### [Assignment]
Print out every line of the material exactly. Include no pictures.

### [Supplied data]

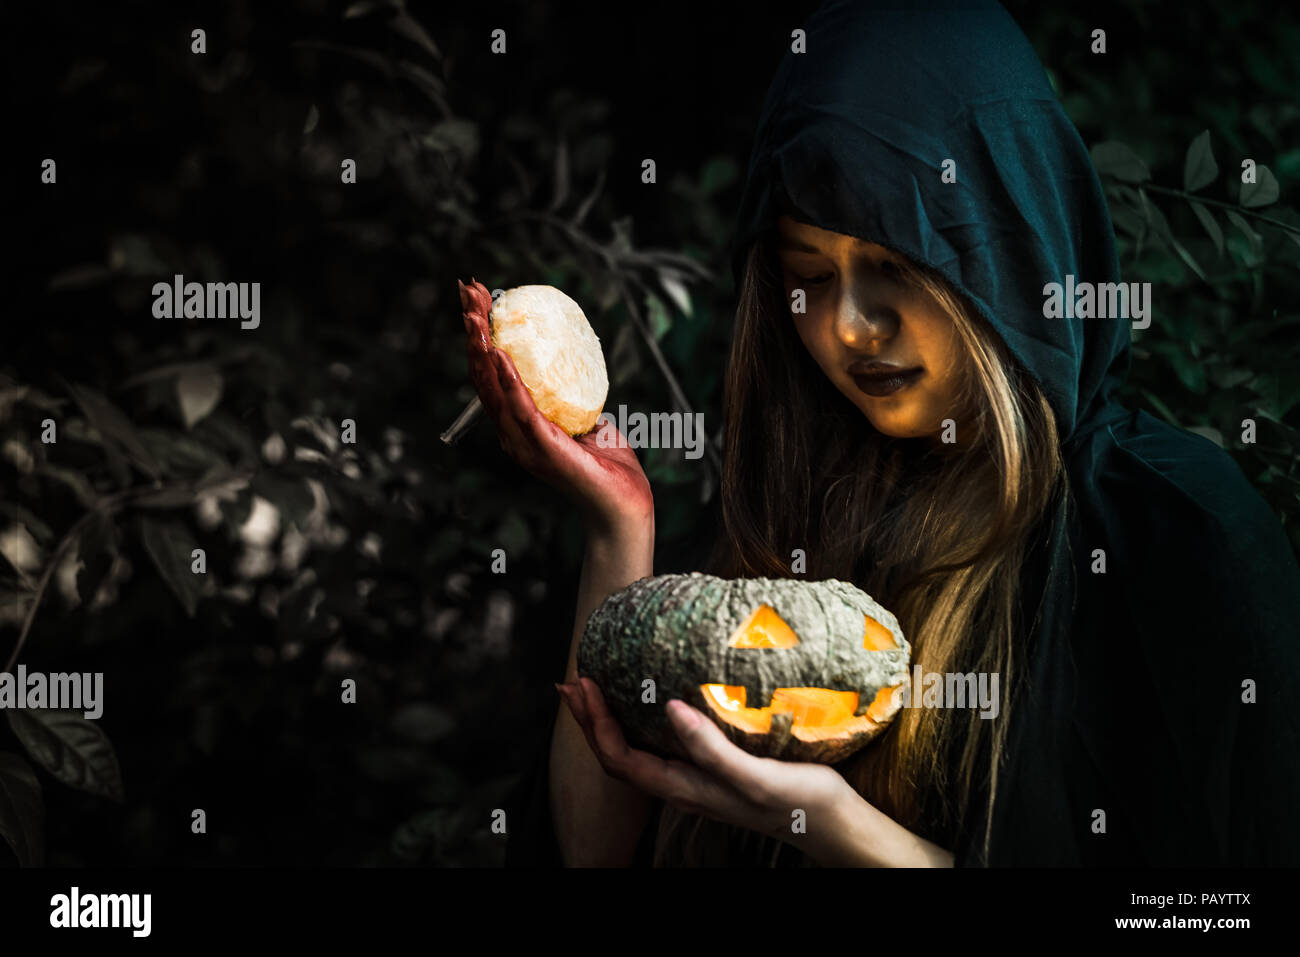 Witch opening pumpkin lid by hand. Old woman holding bright pumpkin in dark forest. Halloween day and Mystery concept. Fantasy of magic theme. Demon a Stock Photo
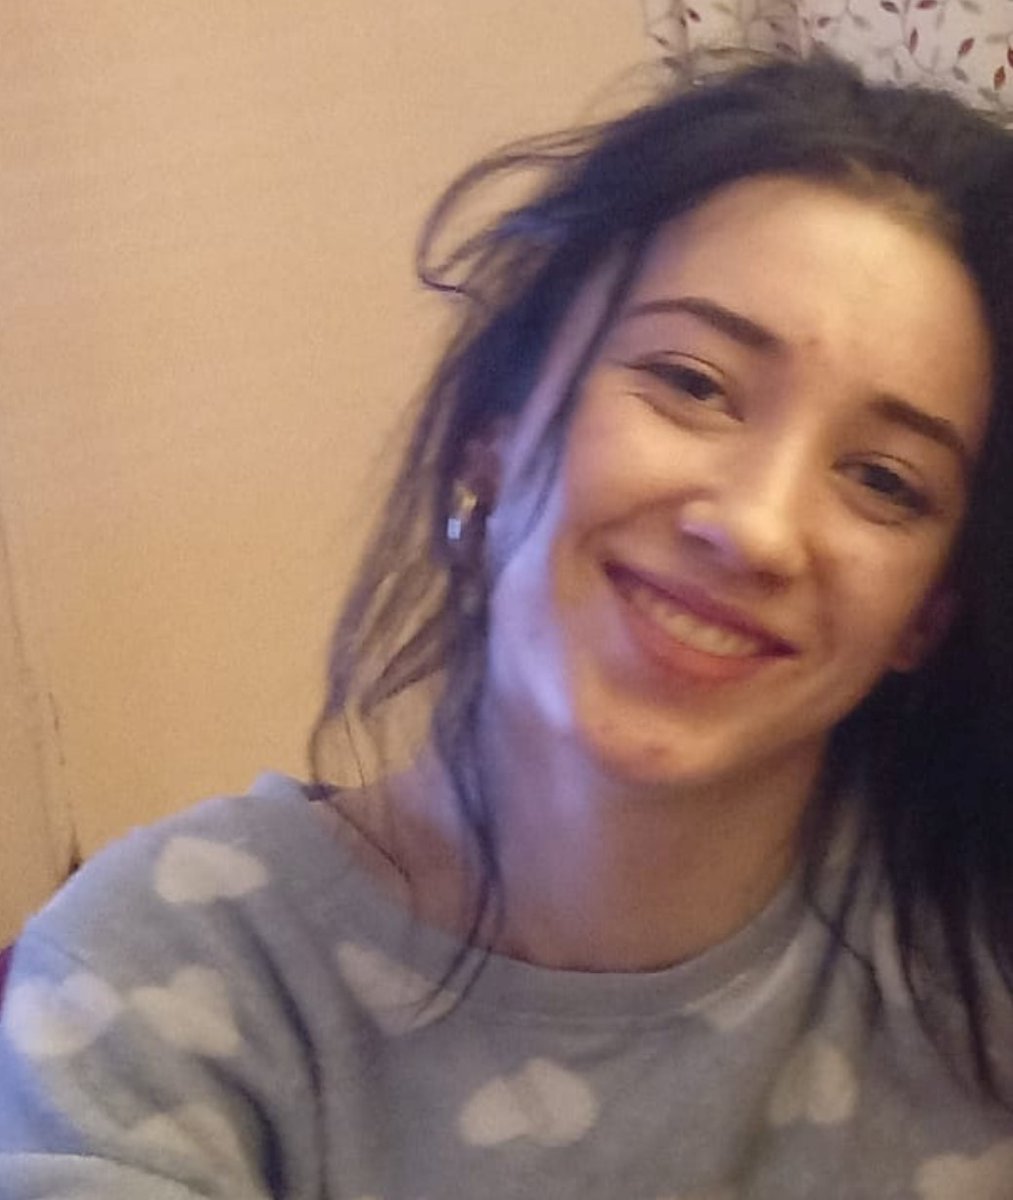 Gardaí have appealed for help from the public to trace the whereabouts of 17-year-old Charlotte Conway. Charlotte was last seen in Limerick city at around 5.30pm on Thursday, 14 December after travelling from Waterford.
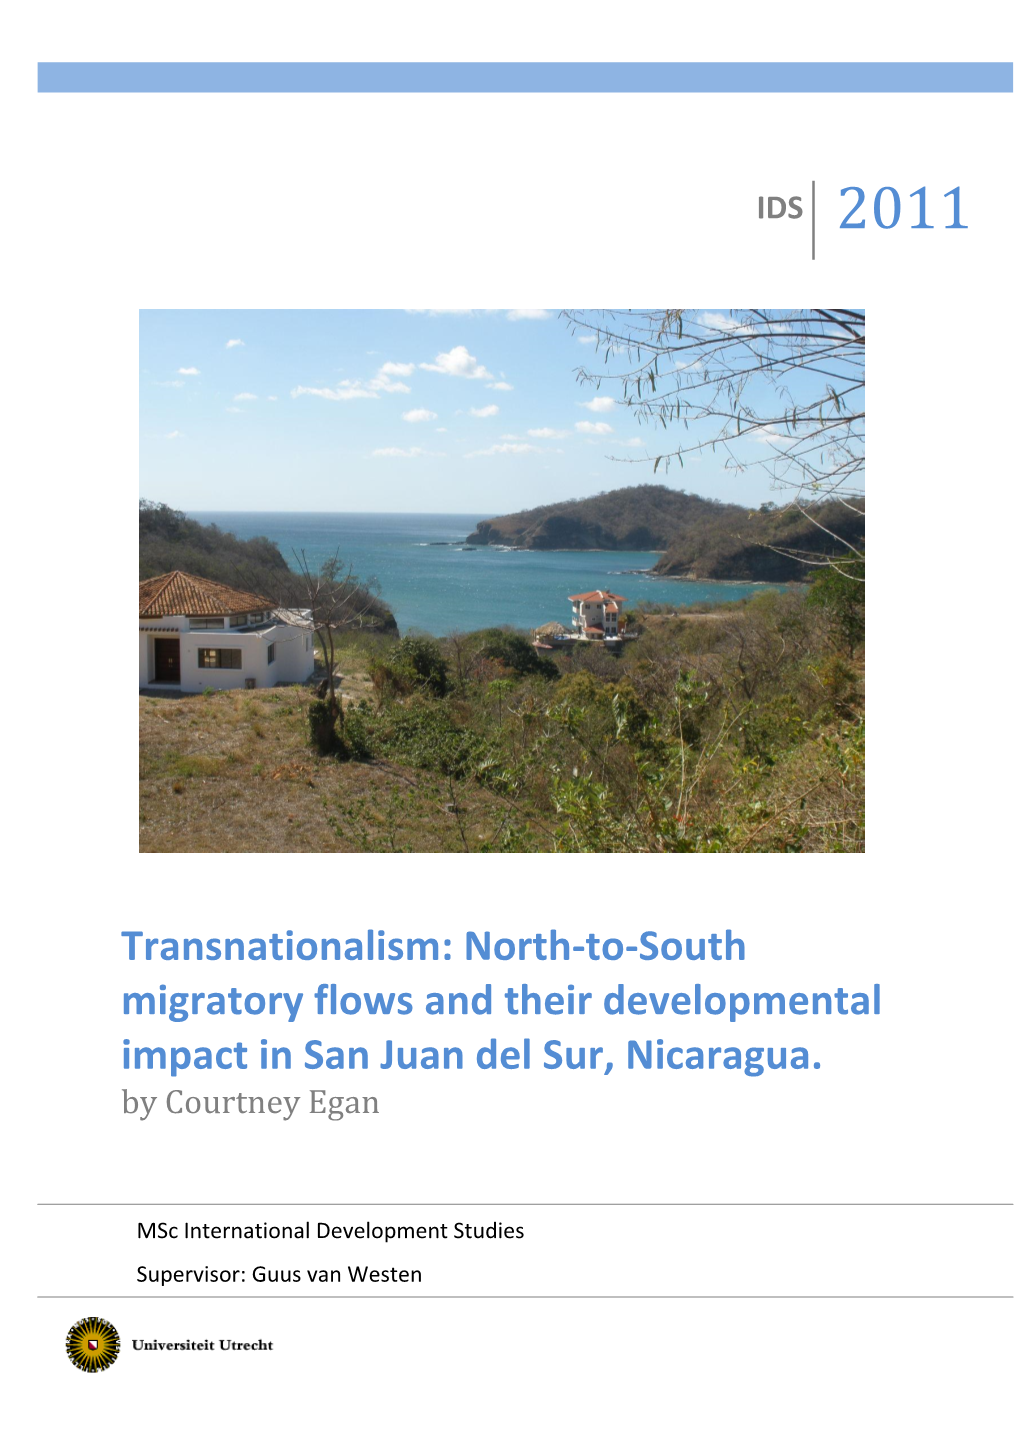 North-To-South Migratory Flows and Their Developmental Impact in San Juan Del Sur, Nicaragua
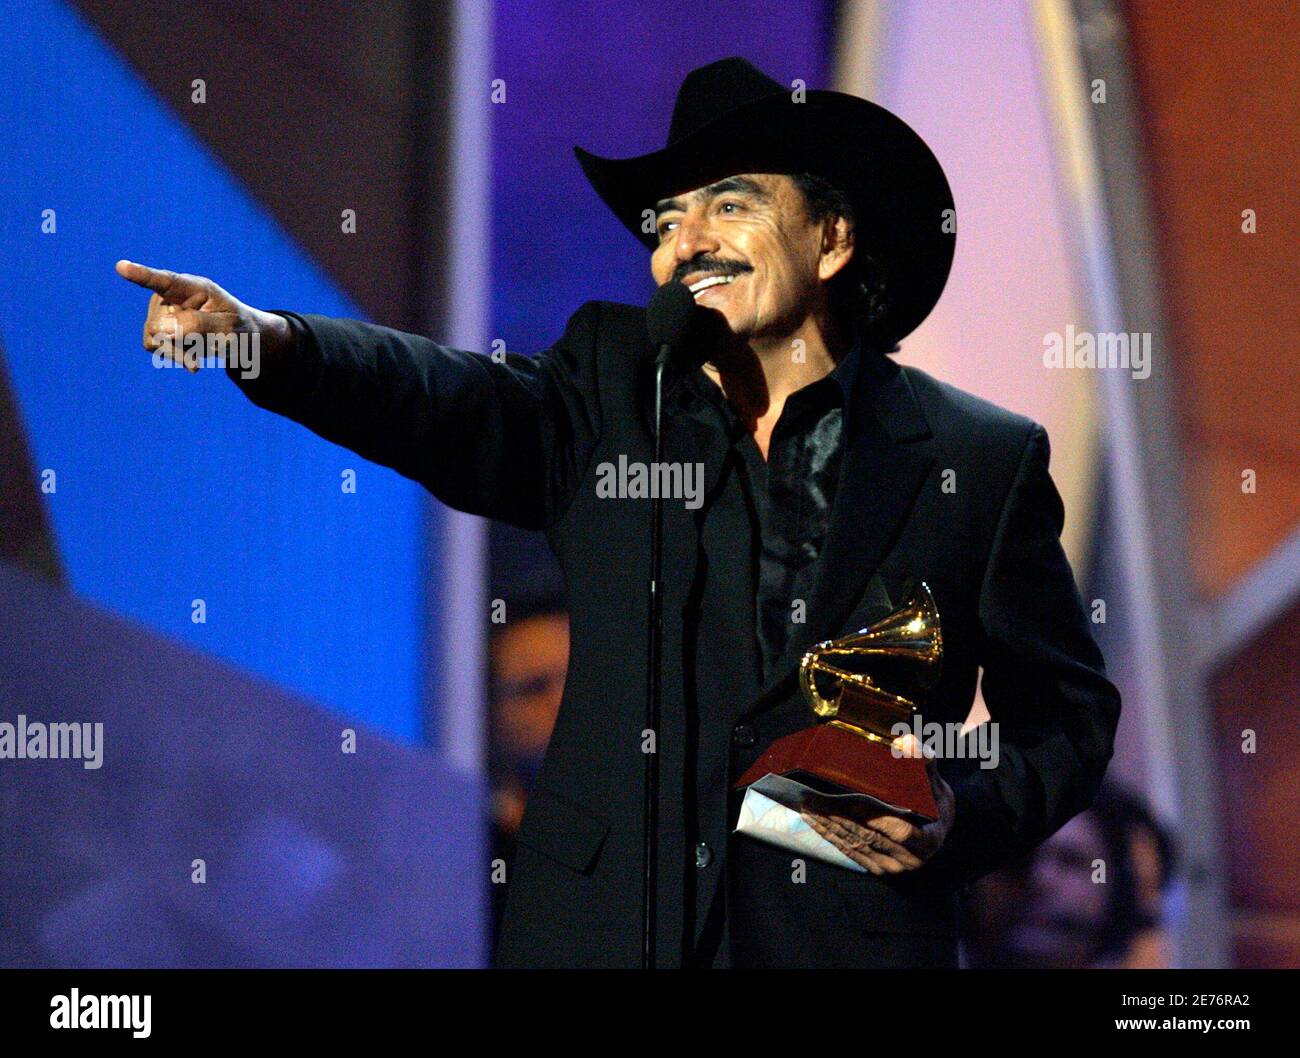 Joan Sebastian accepts the award for Best Banda Album for the song "Mas  Alla Del Sol" at the 7th annual Latin Grammy Awards in New York November 2,  2006. REUTERS/Gary Hershorn (UNITED
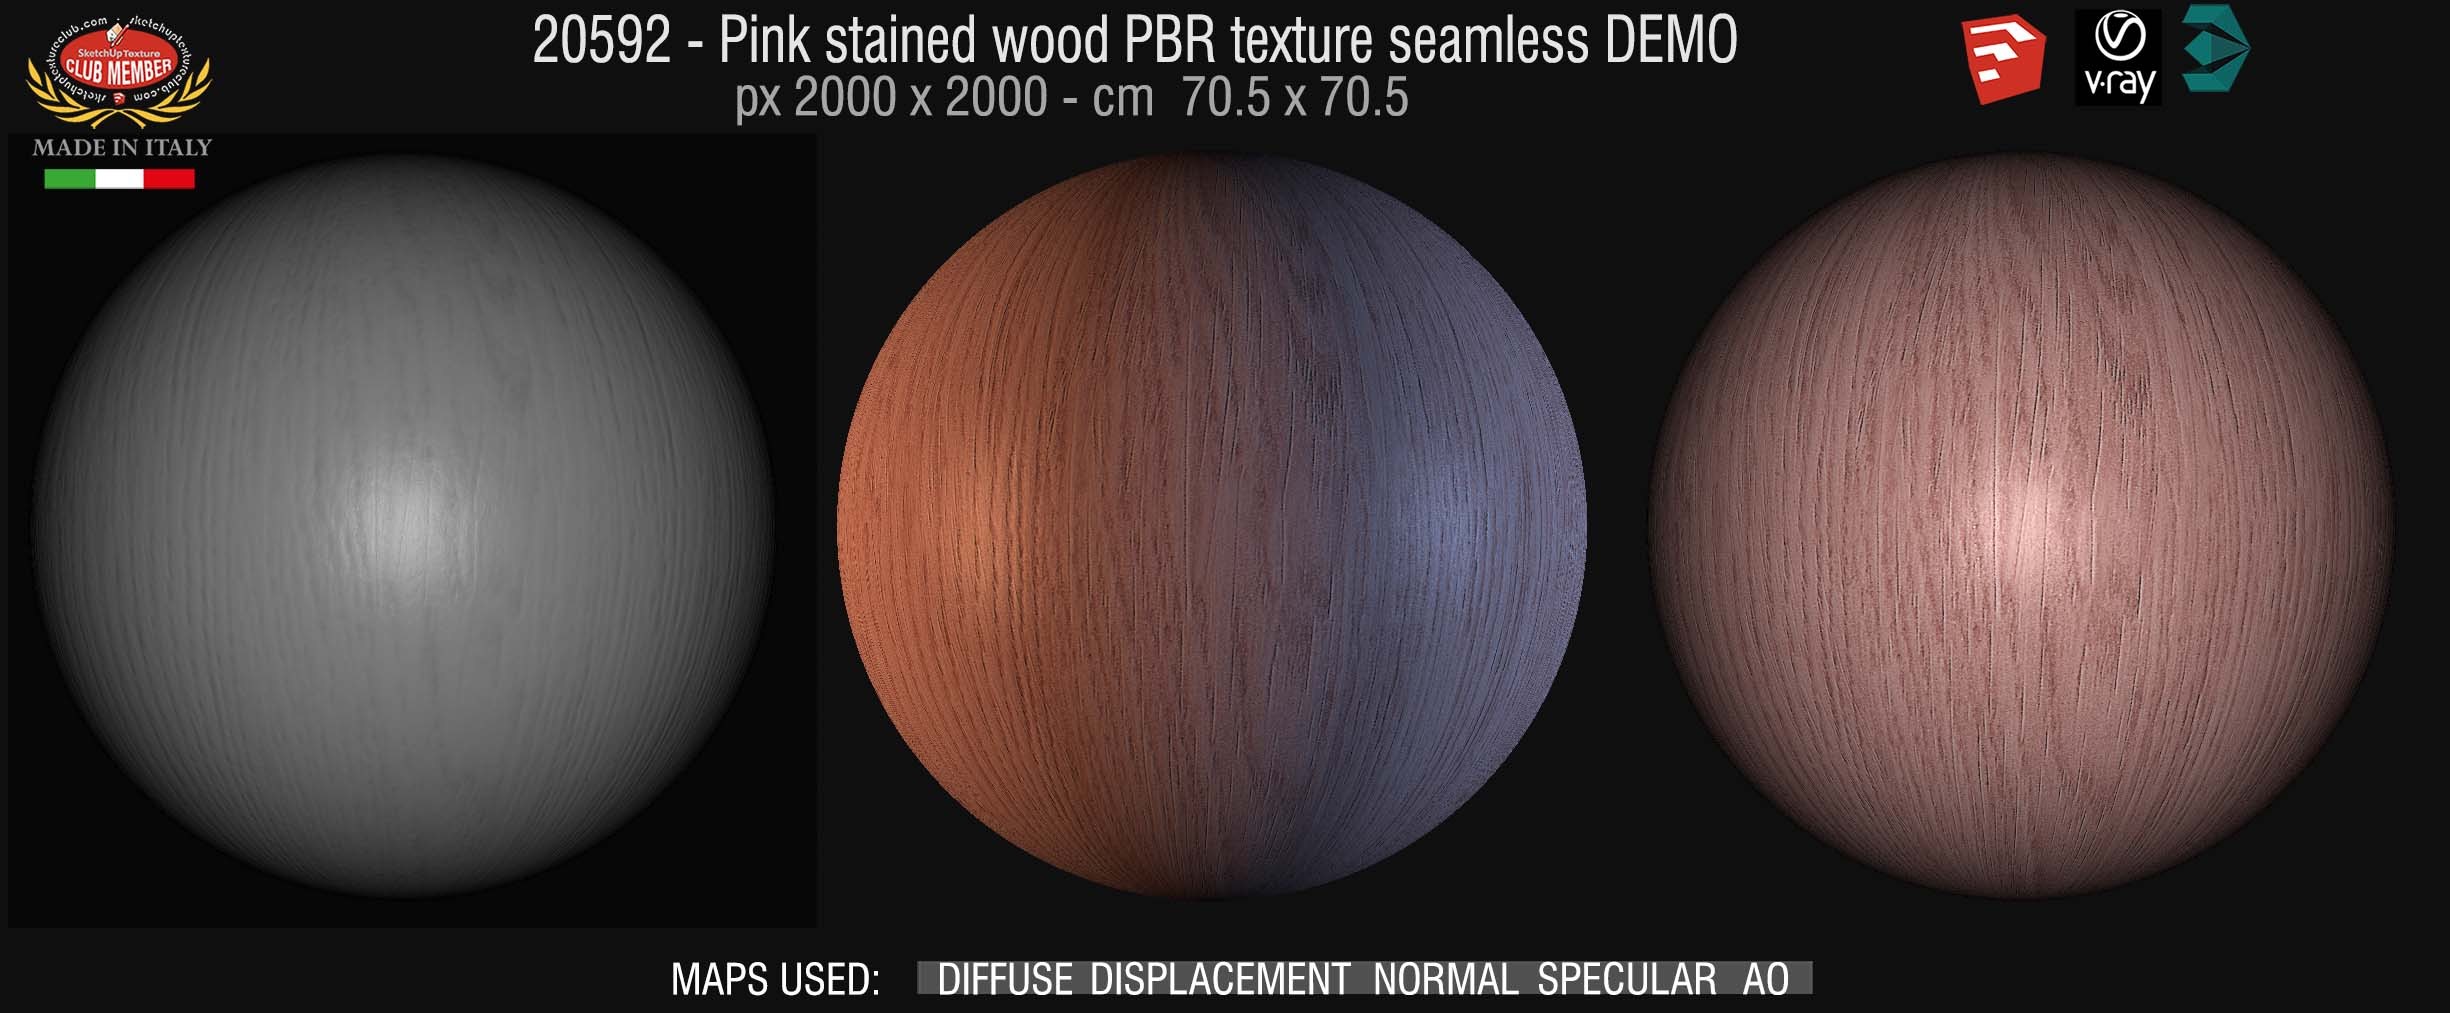 20592 Pink stained wood PBR texture seamless DEMO

### [Answer to the exercise]
 Witch opening pumpkin lid by hand. Old woman holding bright pumpkin in dark forest. Halloween day and Mystery concept. Fantasy of magic theme. Demon a Stock Photo
 Gardaí have appealed for help from the public to trace the whereabouts of 17-year-old Charlotte Conway. Charlotte was last seen in Limerick city at around 5.30pm on Thursday, 14 December after travelling from Waterford.
 North-To-South Migratory Flows and Their Developmental Impact in San Juan Del Sur, Nicaragua
 Joan Sebastian accepts the award for Best Banda Album for the song "Mas  Alla Del Sol" at the 7th annual Latin Grammy Awards in New York November 2,  2006. REUTERS/Gary Hershorn (UNITED
 20592 Pink stained wood PBR texture seamless DEMO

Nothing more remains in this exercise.